The first rocking chairs were used on lawns and porches.
American furniture makers popularized the rocking chair during Colonial times. The first rockers were stationary Windsor chairs with the legs shortened and slotted onto rockers, according to Joe Carter in This Old House Magazine.
Styles proliferated from the 18th to the 21st century, from traditional to free-form designs.
Originally made of wood, contemporary rocking chairs can be constructed from chrome, molded plastic, laminated cardboard or aluminum and fiberglass. Styles range from high back traditional wooden models to floating molds. Does this Spark an idea?
Instructions
Back Styles
1. Identify hooped-back rockers as the Windsor style ca. 1740. Windsor chairs had a birdcage back, where horizontal wood pieces penetrate the vertical spindles.

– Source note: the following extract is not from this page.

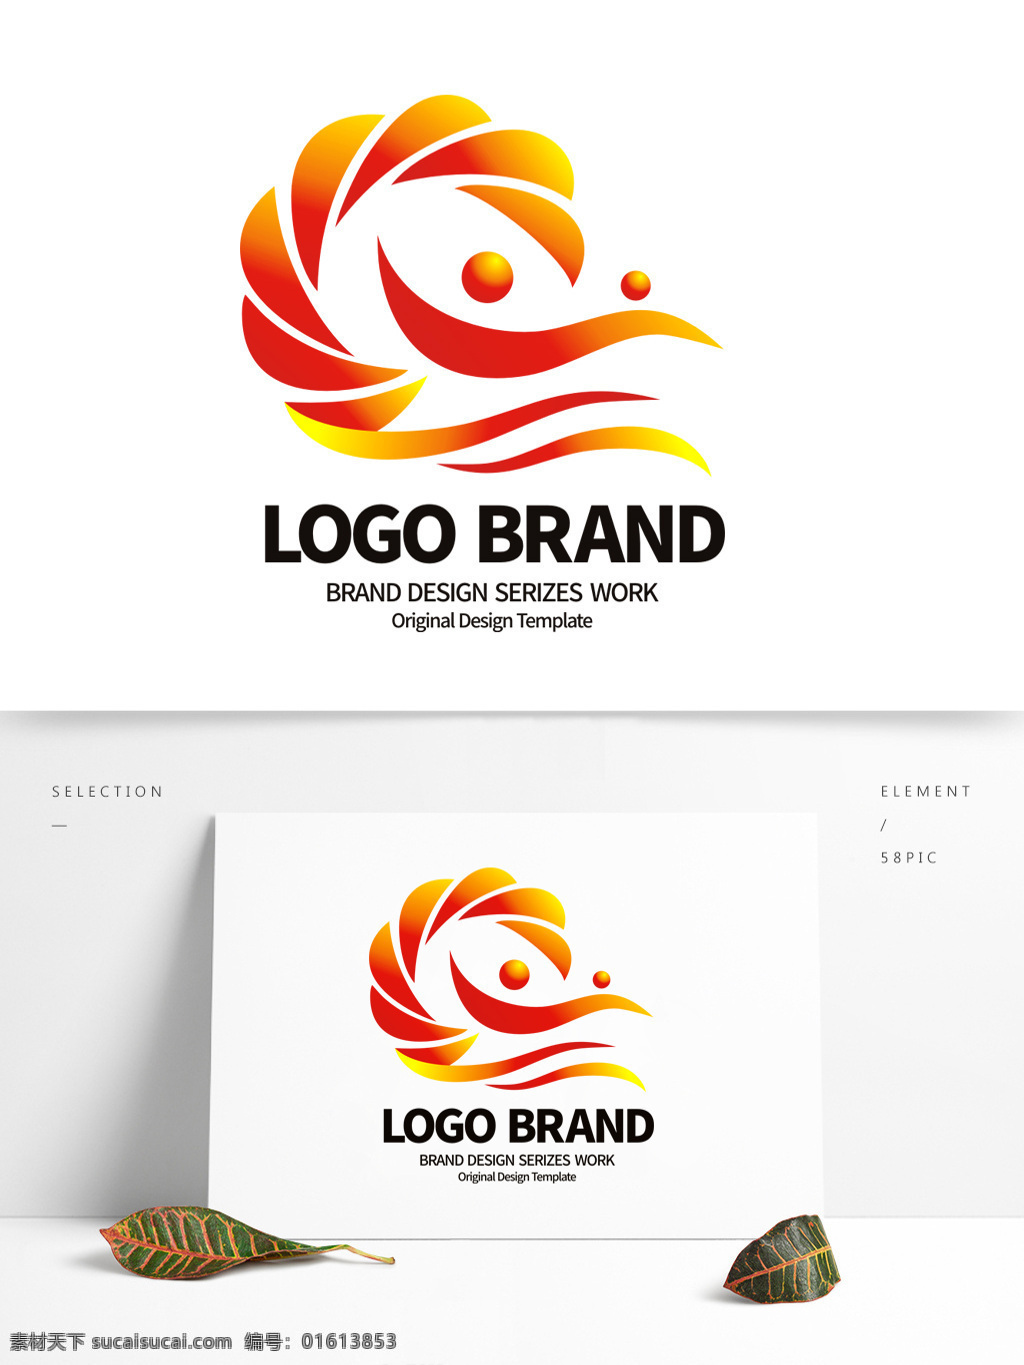 简约 红 黄 飘带 c 字母 公司 logo 标志设计 花瓣 标志 公司标志设计 企业 会徽标志设计 企业标志设计 服务logo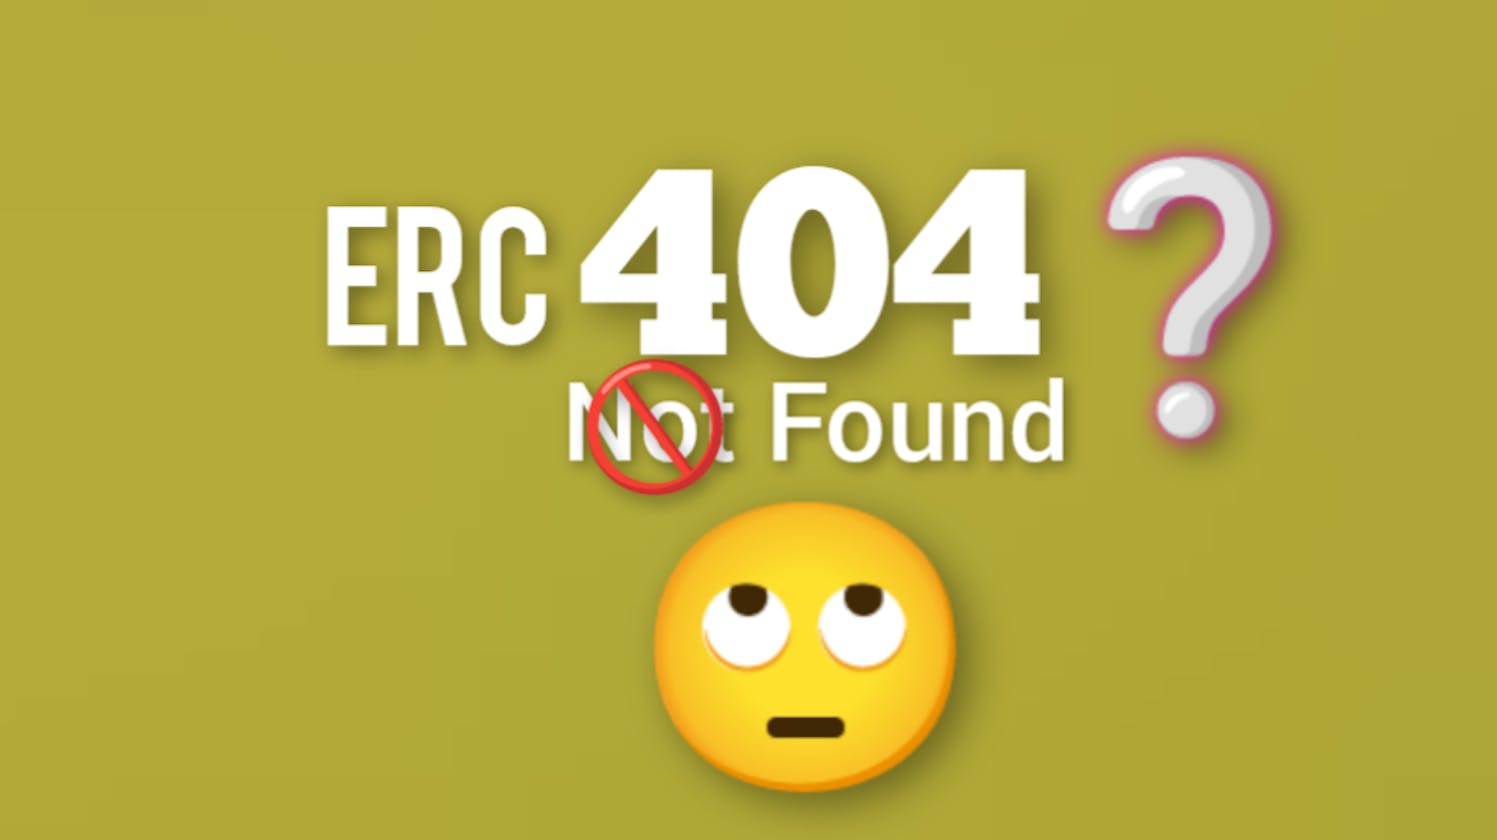 All About ERC-404 token standard

2. Look at rocking chairs with rectangular double painted crest rails as Salem Rockers. Spindles attach the seat to the lower rail. The second rail acts as a large head rest.
3. File rocking chairs woven in exotic and elaborate shapes into the Wicker or Rattan Style popularized in the 1850s. They feature enlarged rounded backs and intricate skirting.
Leg Styles
4. Connect splayed legs and arms on a rocker with the Windsor chair style of 1770. They have spindle legs attached to the runners at an angle and pegged directly into the seat.
5. Label a six-legged rocker as the 1740s Gungstol style, created in Sweden. The extra legs were attached to a carved, elongated seat that curved part way up the back.
6. Legs and arms become one in wicker style rockers.
Put rough-hewn rockers with legs made of sticks in the Adirondack style. The arms and frame are sticks, the back twigs and the seat woven leather or wood.
Seat
7. Find a rocker with a seat woven from leather, wool or cane with a tall, curving ladder back, sculpted arms and no ornamentation and label it an 1820s Shaker style.
8. Sit on a rocker with a wooden seat curving down in front and up at the rear with armrests to match the curves and classify it an 1840s Boston Rocker.
9. See a rocking chair with a one-piece fabric back and seat supported on wooden slats in a one-piece, S-curved wrought iron frame and identify it as an 1850s Iron Rocker.
Rockers
10. Label a high-backed rocker with extra long, ski jump-shaped runners as a contemporary Maloof Style made by California chair maker Sam Maloof and used by President Ronald Reagan.
11. Classify a rocker with thick runners, frame, arms, seat and back as in the Morris Style.
12. Look for a spring under the seat in a rocker without rockers and you have a Platform Rocker designed to prevent runners from cutting grooves in carpets.
Arms
13. Identify rocking chairs without arms as Sewing or Nursing Rockers, which had smaller frames to fit female users.
14. Classify rockers with rounded wooden arms and frames in the 1860s Bentwood Rocker Style. The chair arms can be of one piece with the frame and are steam molded into grand curves.
15. Put molded plastic rockers of a nontraditional shape in the Modern style. These may have no separation between the arms, back, seat, legs and runners.